В дверь комнаты постучали, и прыщавый Семен сказал:
— Входи, Морта, входи!
Она просунула в дверь голову и спросила:
— Есть будете?
— Буду, — ответил Семен.
— И на господина урядника нести? — справилась Морта.
— Премного благодарен, — ответил Нестерович и по-шутовски поклонился.
Но Морта не уходила.
— Я буду есть один, — сказал прыщавый Семен, и она исчезла.
— Так как, Семен Ешуевич, по рукам?
— Поговорим, когда выздоровею…
— Чего тянуть?.. Ничего зазорного я не предлагаю… Разве служить отечеству зазорно?
— У меня нет отечества, — тихо произнес Семен.
— Как это нет?
— Нет, и все… Корчма — это еще не отечество…
— А все кругом… все, кроме корчмы, земля… лес… поля…
— Я хотел бы перед обедом помолиться, — сказал прыщавый Семен. — Вот уже две недели, как не молился..
— Молись, — уступил Нестерович. — Только на бога надейся, а сам не плошай.
Он вдруг набычился, закусил красные, как рана, губы и направился к выходу.
— Если я что-нибудь узнаю, сообщу… Только сюда больше не приходите…
— Поможешь найти — все пятьсот твои… Честное слово… Или ты думаешь, у урядника нет ни совести, ни чести?..
— Когда я думаю о боге, я не могу думать об урядниках, — сказал прыщавый Семен и оглянулся.

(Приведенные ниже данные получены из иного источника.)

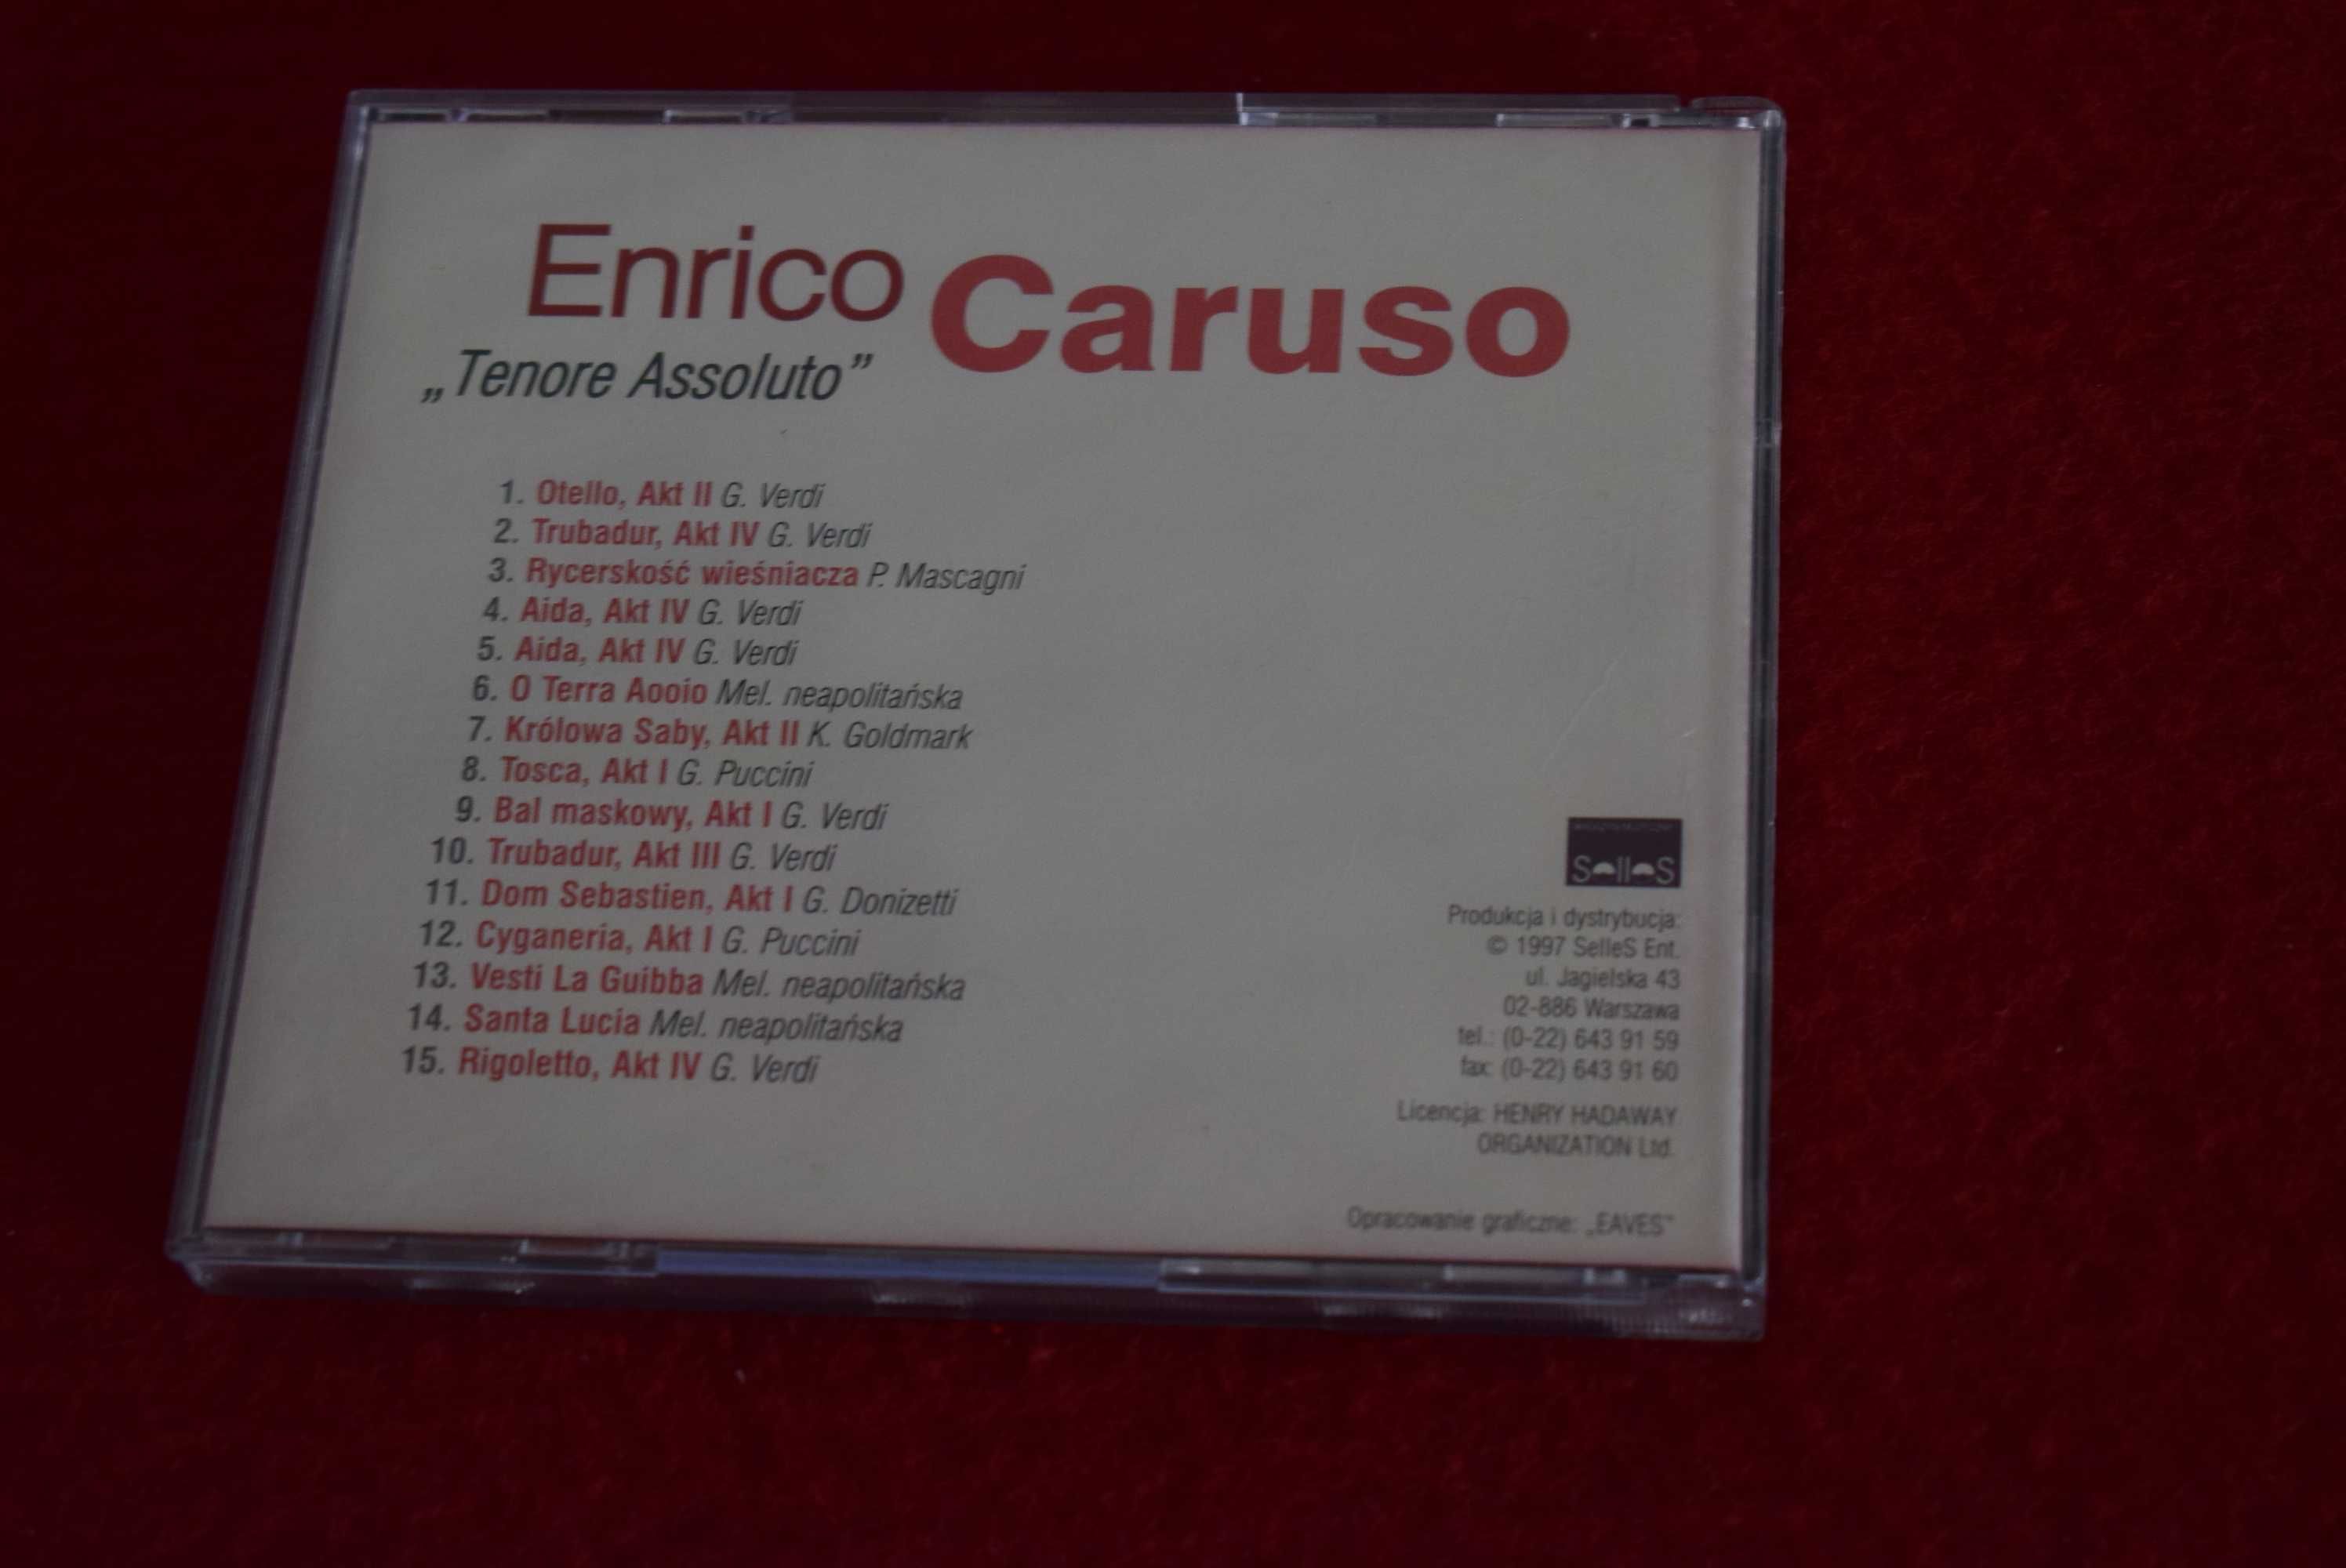 Enrico Caruso - ,,Tenore Assoluto''

Но Нестеровича в комнате уже не было.
Сын корчмаря подошел к восточной стене и стал шептать дневную молитву. Он молился не потому, что верил в бога, а потому, что ему хотелось каких-то других слов, не таких расхожих, как «вице-губернатор», «золотые», «постель», «еда». Правда, и слова молитвы были такие же знакомые, но в них журчал какой-то иной, потусторонний смысл, безобидный и завораживающий. Единственное, что прыщавому Семену всегда мешало, была стена, немая, безропотная, безответная. Она маячила перед ним и дома, и в синагоге, и даже небо, на котором обитает господь, было для него ничем иным, как огромной, опрокинутой навзничь, голубой или затянутой тучами стеной, которую ни один смертный пробить не в силах. В отличие от отца, засыпавшего всевышнего своими мелочными и никчемными просьбами, прыщавый Семен поучал бога и все время старался втолковать ему, что, пока не рухнет стена между смертными и их идолом, пока человек воочию не убедится в его могуществе, не обожжет свою плоть о котлы с кипящей смолой для грешников, до тех пор каждому на свете будет дозволено все: убивать, вешать, предавать, доносить, отрекаться. Третье отделение могущественней бога, ибо награду жандарма — пятьсот золотых — можно потрогать руками, на собственной шкуре можно испытать и его кару. А что бог? Его золотые и его виселицы, его мирра и его смола там, за облаками. Стало быть, бойся и чти не господа, а жандарма… Ардальона Нестеровича… уездного исправника Нуйкина… и, коли можешь, сам стань жандармом. Не обязательно в мундире.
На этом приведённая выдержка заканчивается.